XRD patterns of (A) g-C3N4, Bi2MoO6, and TiO2 nanotube and (B) binary and ternary composite photocatalysts.
Figure 3 shows the FT-IR spectra of TiO2 P25 and the TiO2 nanotube. The bands at 3420 and 1629 cm−1 in the TiO2 nanotube are attributed to the stretching and bending vibrations of the water molecule hydroxyl groups present on the surface of the TiO2 nanotube. The higher intensity of the hydroxyl group peaks in the TiO2 nanotube, relative to that in TiO2 P25, and indicates that the surface of the TiO2 nanotube contains a higher concentration of hydroxyl groups. This enhancement in the surface hydroxyl groups favors the adsorption capability of the TiO2 nanotube and enhances its photocatalytic decolorization efficiency. Figure 4 displays the FT-IR spectra of g-C3N4, g-C3N4/Bi2MoO6, g-C3N4/Bi2MoO6/TiO2 nanotube and Bi2MoO6. In the spectrum of g-C3N4, the strong peaks at 3420 and 3200 cm−1 can be ascribed to the absorbed water molecules and stretching mode of N–H, respectively. Four peaks at 1250, 1325, 1420 and 1572 cm−1 observed in g-C3N4 are related to the typical stretching modes of the CN heterocycle. For Bi2MoO6, the peaks at 400–900 cm−1 originate from Bi–O, Mo–O stretching and Mo–O–Mo bridging stretching modes. The distinct absorption peaks of g-C3N4 and Bi2MoO6 were also observed in the composites of g-C3N4/Bi2MoO6 and g-C3N4/Bi2MoO6/TiO2 nanotube.

FT-IR spectra of TiO2 P25 and TiO2 nanotube photocatalysts.

FT-IR spectra of g-C3N4, Bi2MoO6, g-C3N4/Bi2MoO6, and g-C3N4/Bi2MoO6/TiO2 nanotube photocatalysts.
3.2 Morphology
The morphological properties of the synthesized photocatalysts were characterized using SEM at different magnifications, and the results are shown in Figure 5. The SEM image of the Bi2MoO6 photocatalyst (Figure 5A) shows a plate-like structure in which the length was in the range of nanometer scale.
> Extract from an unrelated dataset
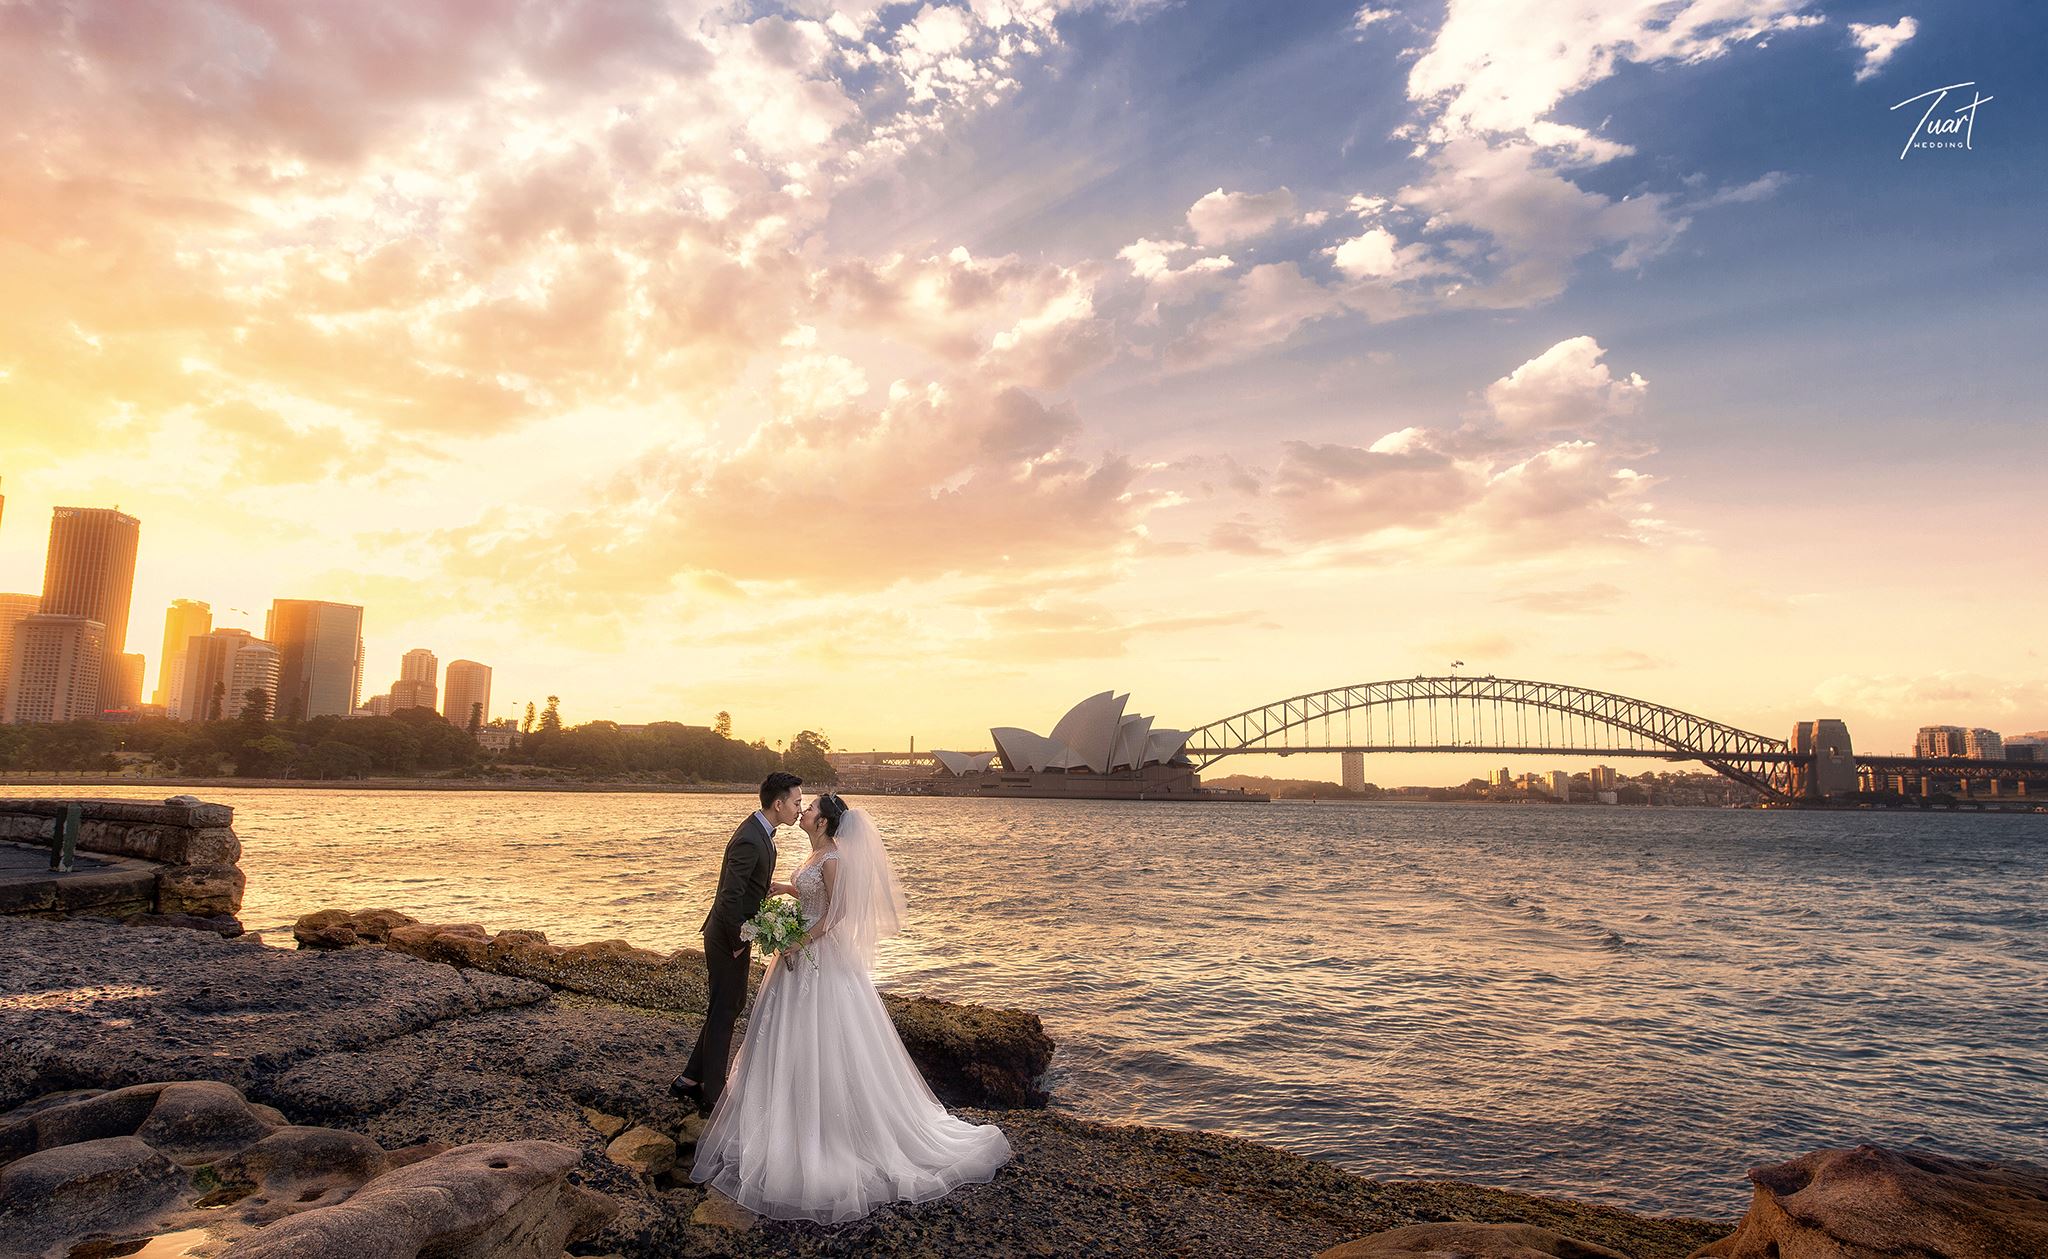 Album chụp ảnh cưới đẹp tại Australia: Jack-Rose 10

The SEM image of g-C3N4 (Figure 5B) illustrates that it exhibits a thin sheet-like structure with wrinkled surface and irregular shapes. Figure 5C describes that the commercial TiO2 P25 particles were spherical in shape. The SEM image of the synthesizedTiO2 nanotube (Figure 5D) indicates that several long fibers were assembled together, with the diameter in the range of 10–30 nm. A binary composite photocatalyst (g-C3N4/Bi2MoO6) reveals a structure comprising two layers of g-C3N4 nanosheets and Bi2MoO6 nanoplates (Figure 5E). For the ternary composite photocatalyst (g-C3N4/Bi2MoO6/TiO2 nanotube), a three-layered structure is indicated in Figure 5F. The intimate contact between these semiconductors could enhance the charge carrier separation and transfer rate and photocatalytic decolorization efficiency.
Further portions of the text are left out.